We will work at the xarray level, so its easy to keep track of the different dimensions.

Factorizing

The core factorize_ function (which wraps pd.cut) only handles 1D bins, so we use xr.apply_ufunc to vectorize it for us.

factorize_loop_dim = "time"
def factorize_nd_bins_core(by, bins):
    group_idx, *_, props = flox.core.factorize_(
        (by,),
        axes=(-1,),
        expected_groups=(pd.IntervalIndex.from_breaks(bins),),
    )
    # Use -1 as the NaN sentinel value
    group_idx[props.nanmask] = -1
    return group_idx


codes = xr.apply_ufunc(
    factorize_nd_bins_core,
    by,
    bins,
    # TODO: avoid hardcoded dim names
    input_core_dims=[["space"], ["nbins"]],
    output_core_dims=[["space"]],
    vectorize=True,
)
codes
<xarray.DataArray (time: 3, space: 4)> Size: 96B
array([[-1,  0,  1,  2],
       [-1,  0,  1,  2],
       [-1,  0,  1,  2]])
Dimensions without coordinates: time, space

Offset the codes

These are integer codes appropriate for a single timestep.

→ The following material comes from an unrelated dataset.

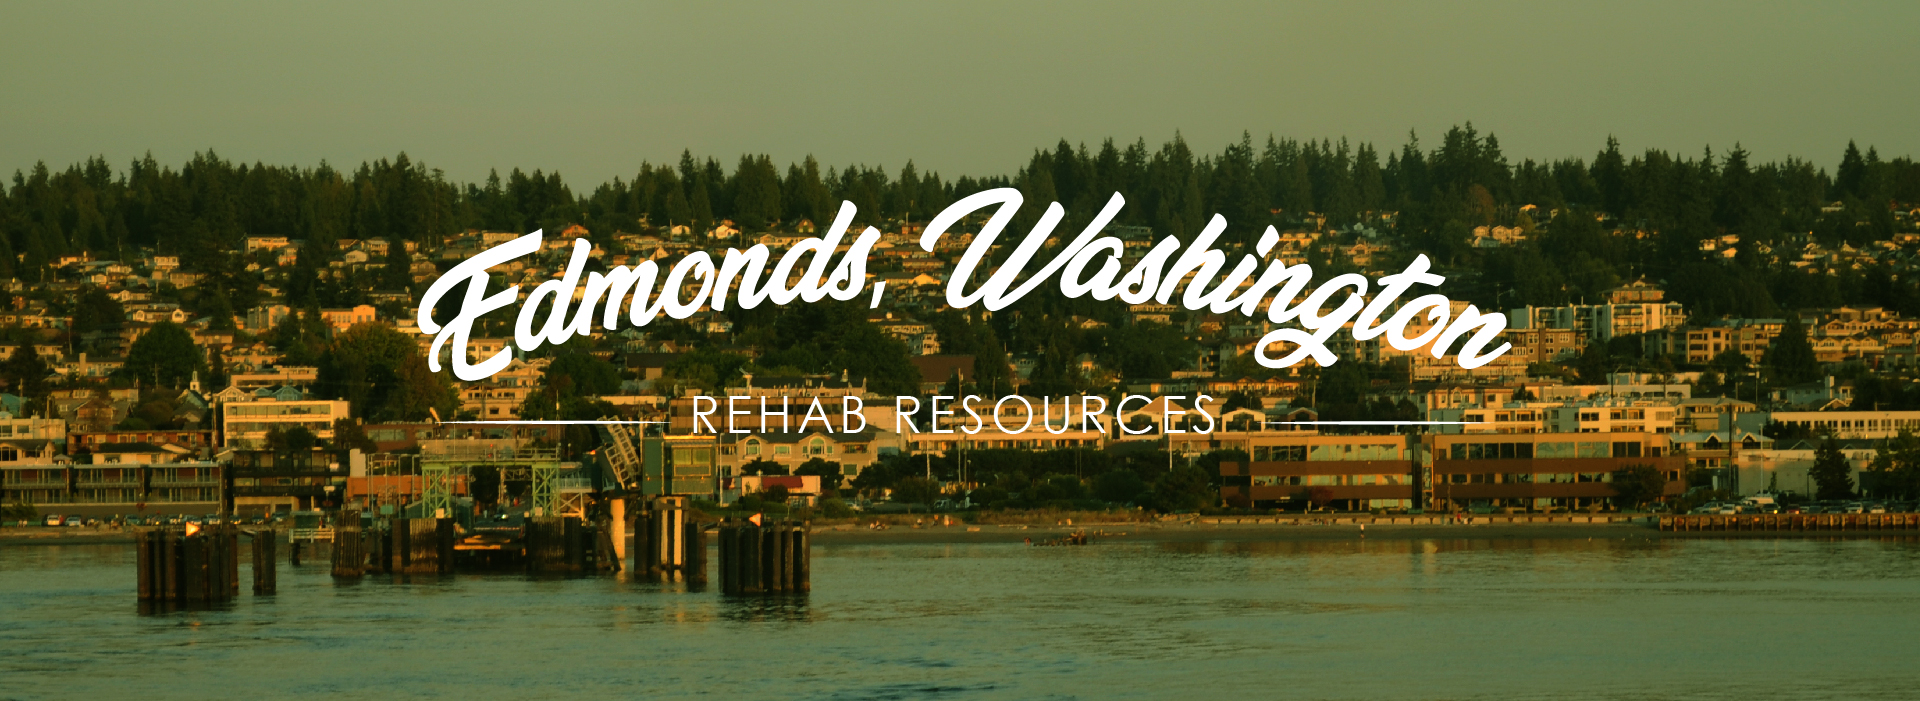 Edmonds, Washington addiction resources

We now add an offset that changes in time, to make sure “bin 0” for time=0 is different from “bin 0” for time=1 (taken from this StackOverflow thread).

N = math.prod([codes.sizes[d] for d in codes.dims if d != factorize_loop_dim])
offset = xr.DataArray(np.arange(codes.sizes[factorize_loop_dim]), dims=factorize_loop_dim)
# TODO: think about N-1 here
offset_codes = (codes + offset * (N - 1)).rename(by.name)
offset_codes.data[codes == -1] = -1
offset_codes
<xarray.DataArray 'by' (time: 3, space: 4)> Size: 96B
array([[-1,  0,  1,  2],
       [-1,  3,  4,  5],
       [-1,  6,  7,  8]])
Dimensions without coordinates: time, space

Reduce

Now that we have appropriate codes, let’s apply the reduction

interim = flox.xarray.xarray_reduce(
    array,
    offset_codes,
    func="sum",
    # We use RangeIndex to indicate that `-1` code can be safely ignored
    # (it indicates values outside the bins)
    # TODO: Avoid hardcoding 9 = sizes["time"] x (sizes["nbins"] - 1)
    expected_groups=pd.RangeIndex(9),
)
interim
<xarray.DataArray 'array' (by: 9)> Size: 72B
array([ 4,  7, 10,  5,  8, 11,  6,  9, 12])
Coordinates:
  * by       (by) int64 72B 0 1 2 3 4 5 6 7 8

Make final result

Now reshape that 1D result appropriately.

final = (
    interim.coarsen(by=3)
    # bin_number dimension is last, this makes sense since it is the core dimension
    # and we vectorize over the loop dims.
    # So the first (Nbins-1) elements are for the first index of the loop dim
    .construct({"by": (factorize_loop_dim, "bin_number")})
    .transpose(..., factorize_loop_dim)
    .drop_vars("by")
)
final
<xarray.DataArray 'array' (bin_number: 3, time: 3)> Size: 72B
array([[ 4,  5,  6],
       [ 7,  8,  9],
       [10, 11, 12]])
Dimensions without coordinates: bin_number, time

I think this is the expected answer.

array.isel(space=slice(1, None)).rename({"space": "bin_number"}).identical(final)
True

TODO

This could be extended to:

  1. handle multiple factorize_loop_dim

  2. avoid hard coded dimension names in the apply_ufunc call for factorizing

  3. avoid hard coded number of output elements in the xarray_reduce call.

  4. Somehow propagate the bin edges to the final output.